Cependant, nous aimons aussi entendre de petites explications bien rangées sur qui nous sommes.
Nous aimons les bons types d’étiquettes. Cartes de tarot. Astrologie, signes astrologiques, horoscopes. Myers Briggs. Langues d’amour. Buzzfeed quizzes. Notre quête collective de la connaissance de soi nous entraîne partout dans le monde, vers des religions autres que celles que nous avons rejetées, vers la méditation, les psychédéliques, un milliard de livres d’entraide, une enquête sur le passé, la thérapie. Nous aimons prétendre que nous pouvons nous connaître et à notre tour, les autres. Nous partageons plus de nous-mêmes, dans l’espoir que cela aidera les autres à nous connaître.
Nous ne pouvons pas éliminer les étiquettes, que cela plaise ou non. Elles existent pour une raison. La langue n’est rien d’autre qu’une série d’étiquettes.
Peut-être que nous cherchons simplement des histoires pour remplacer celles que nous avons rejetées. La plupart des pulsions humaines fondamentales ne changent pas.
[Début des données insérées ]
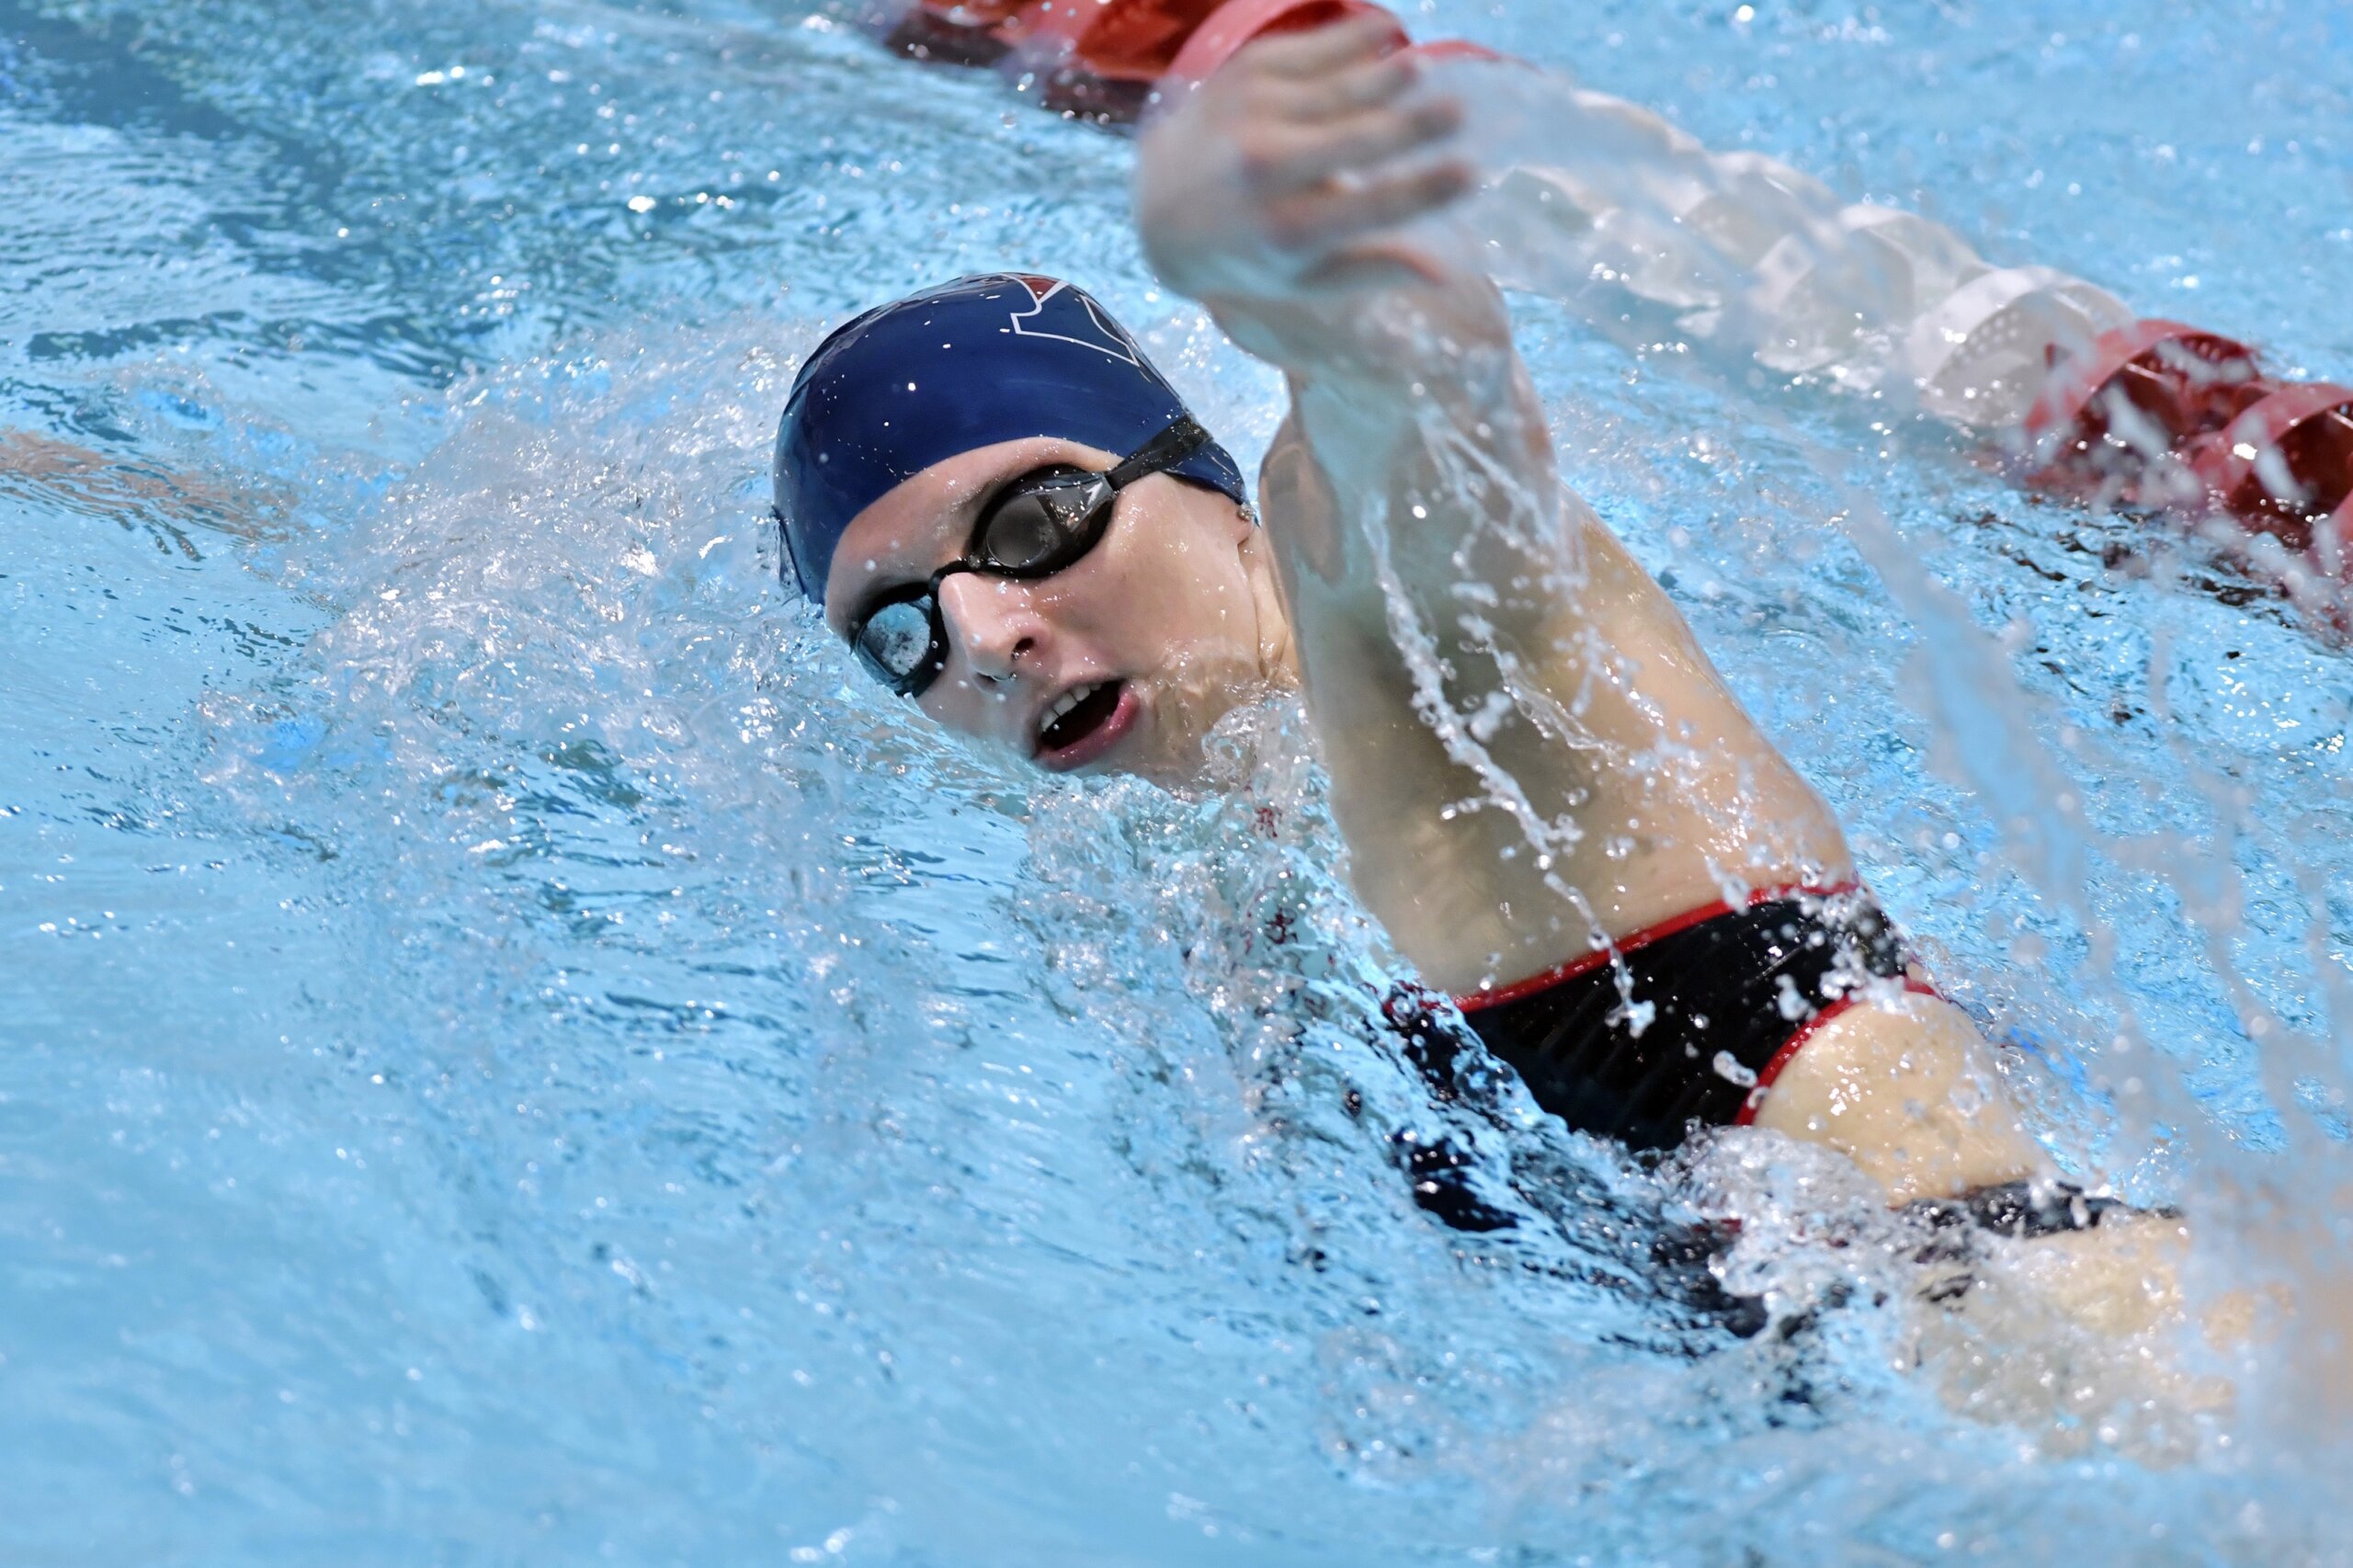 Penn swimmer Lia Thomas swims on amid controversy WTOP News

La réalisation de soi est au sommet de la hiérarchie des besoins après tout.
Plus nous nous battons pour détruire certaines parties de nous-mêmes, plus nous avons besoin de trouver des remplaçants. Les marques sans marque sont toujours des marques. Le rejet d’une étiquette signifie que nous nous étiquetons comme non marquables. Déplacer la position d’une limite ne la résous pas. Et les étiquettes sont des limites.
Bonjour,
Un superbe texte. Merci.
Je ne partage pas, l’avant dernière ligne.
Le refus d’une étiquette enverrai, selon moi, à l’impossibilité «essentielle», par essence, de définir l’être humain et donc de lui apposer des étiquettes, qui, justement limitantes.
Qu’en pensez-vous?
Au plaisir de vous lire.
Oups, après relecture, renverrai et qui sont limitantes…
Je suis d’accord avec le titre de l’article et la dernière phrase. Pour tout le développement je trouve dommage de lire un enchaînement d’idées assénées comme des vérités absolues, et qui pourtant ne sont que les vôtres.